Figure  compiles all the different angle-domain common-image gathers for this data set, all of which are taken at the same position, CIG=14500. From left to right, the panels show PP-ADCIG, PS-ADCIG, P-ADCIG, and S-ADCIG. Notice that most of the primary events have a residual curvature. The residual moveout is more prominent for those events that we identify as multiples.

 

imag-cigs
Figure 9 Panel (a) presents the PS image with its respective angle-domain common-image gathers. Panel (b) presents the PZ image with its respective angle-domain common-image gathers.

 

cigs-all
Figure 10 Compilation of angle-domain common-image gather for the 2-D Mahogany data set, all the CIGs are taken at the same image location (CIG=14500). (a) PP-ADCIG, (b) PS-ADCIG, (c) P-ADCIG, (d) S-ADCIG.

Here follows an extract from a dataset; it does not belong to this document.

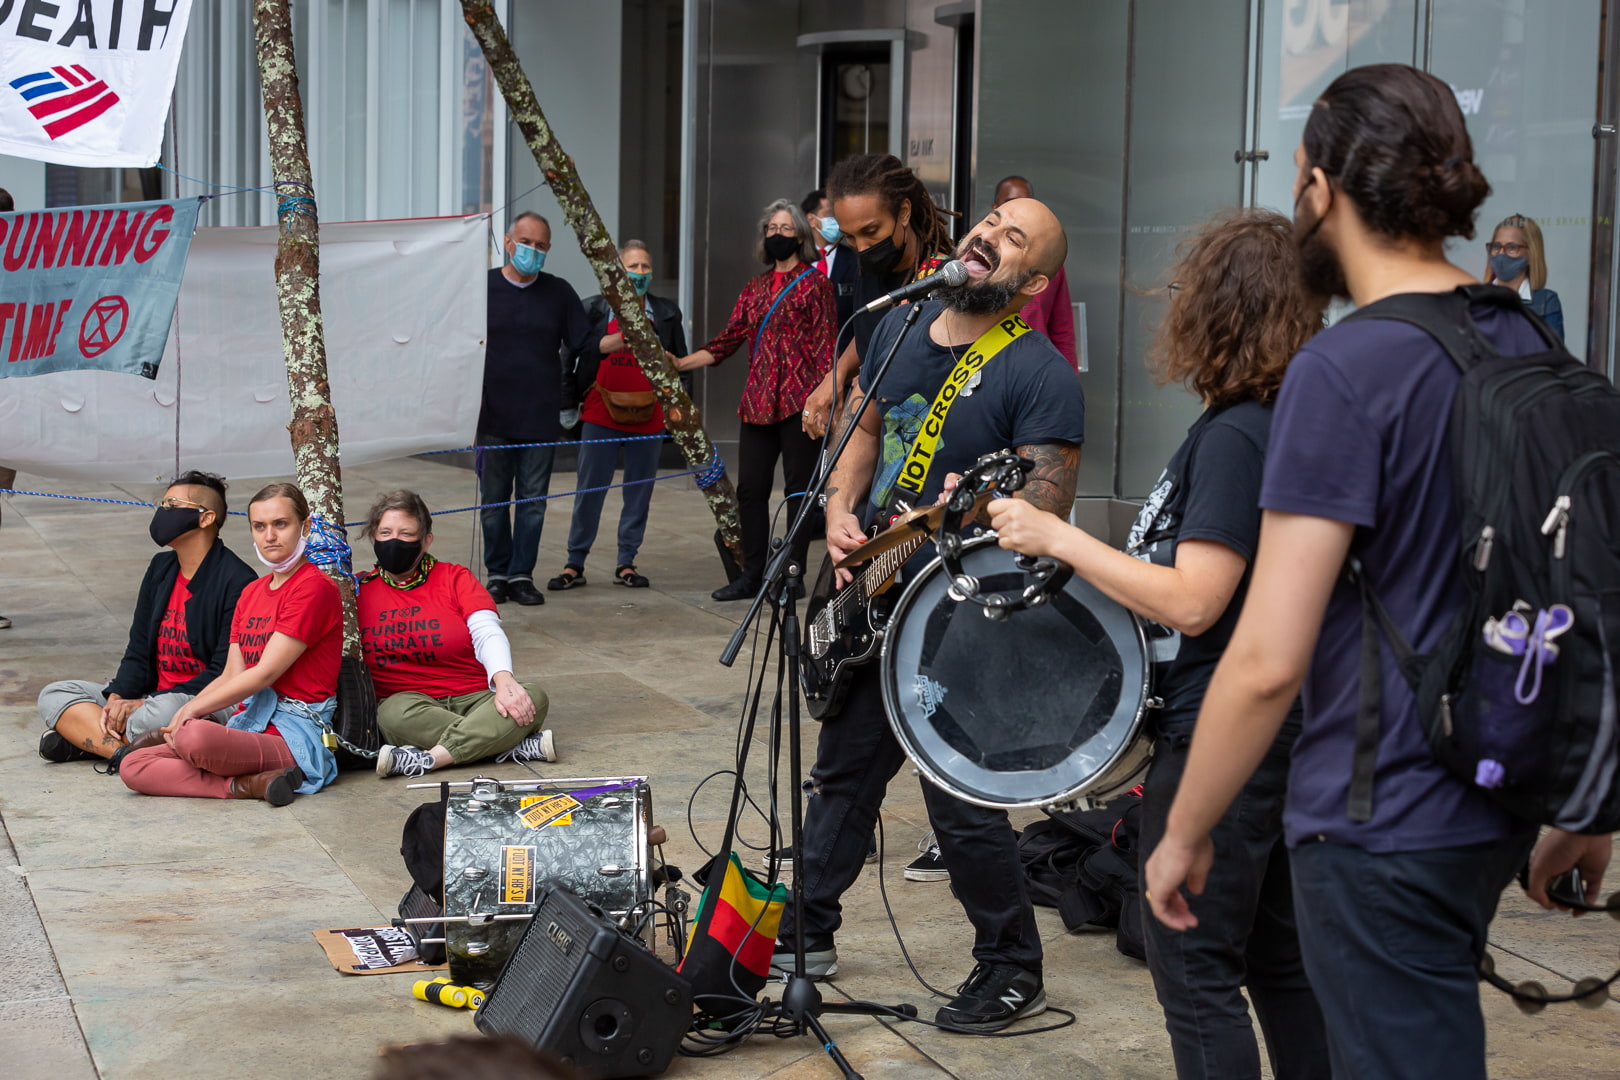 A rock band perform next to a tripod set-up in the forecourt of a skyscraper.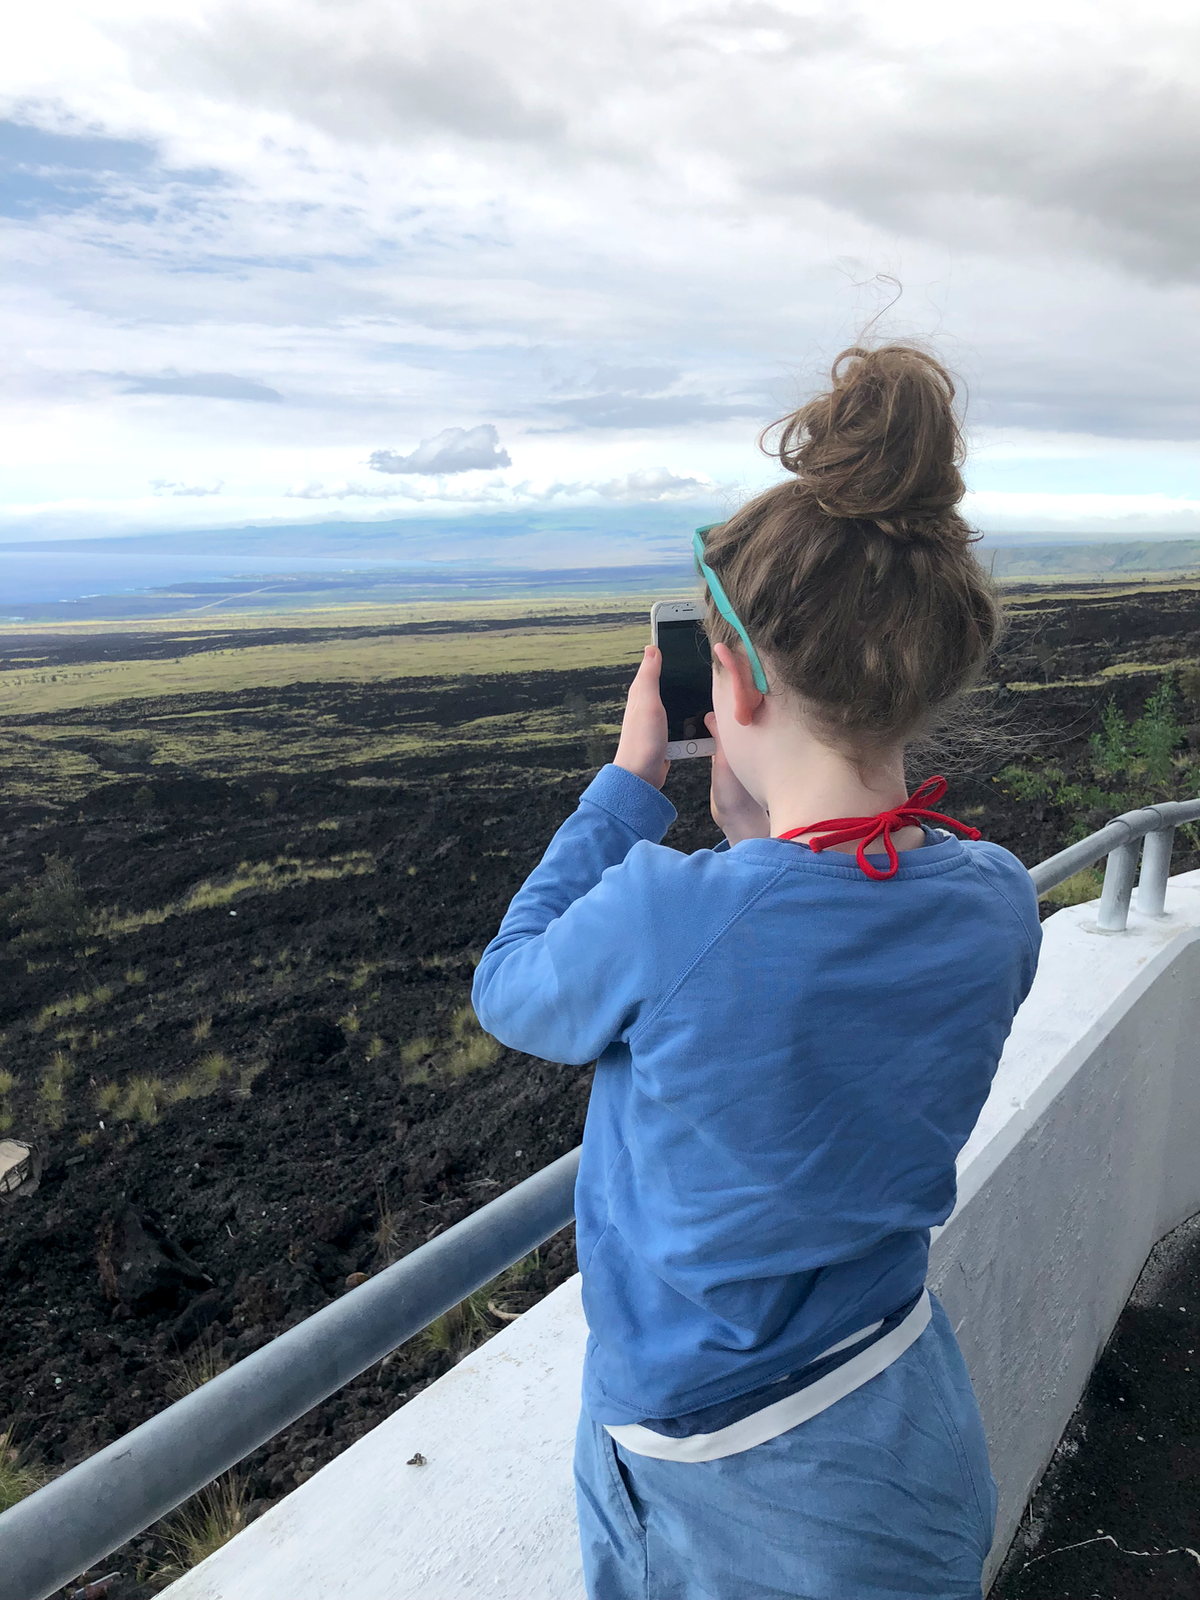 Mom and Daughter Trip to The Big Island of Hawaii featured by popular lifestyle blogger, Design Mom

The initial linear P-velocity model is a pretty good approximation, since most of the primary events in the PZ section are flat in the angle-domain. However, there is a prominent residual curvature in the angle-domain common-image gathers for the PS section. This indicates an erroneous velocity model, most likely a very high initial S-velocity model. Moreover, the S section contains a large number of multiples, which are not all present in the PZ section.

The individuals P-ADCIG and the S-ADCIG contain information that potentially can be used for independent velocity updates. Notice that the angle coverage for these gathers is smaller than for the PP- and-PS ADCIGs, since the coverage of an individual plane-wave is smaller than the combination of two plane-waves, as is the case for converted-mode data.

It is very interesting to notice that the individual P-ADCIG has very similar characteristics with the PP-ADCIG. Most of the residual moveout of the PS-ADCIG seems to be due to the S component of the velocity model, as suggested for the individual S-ADCIG.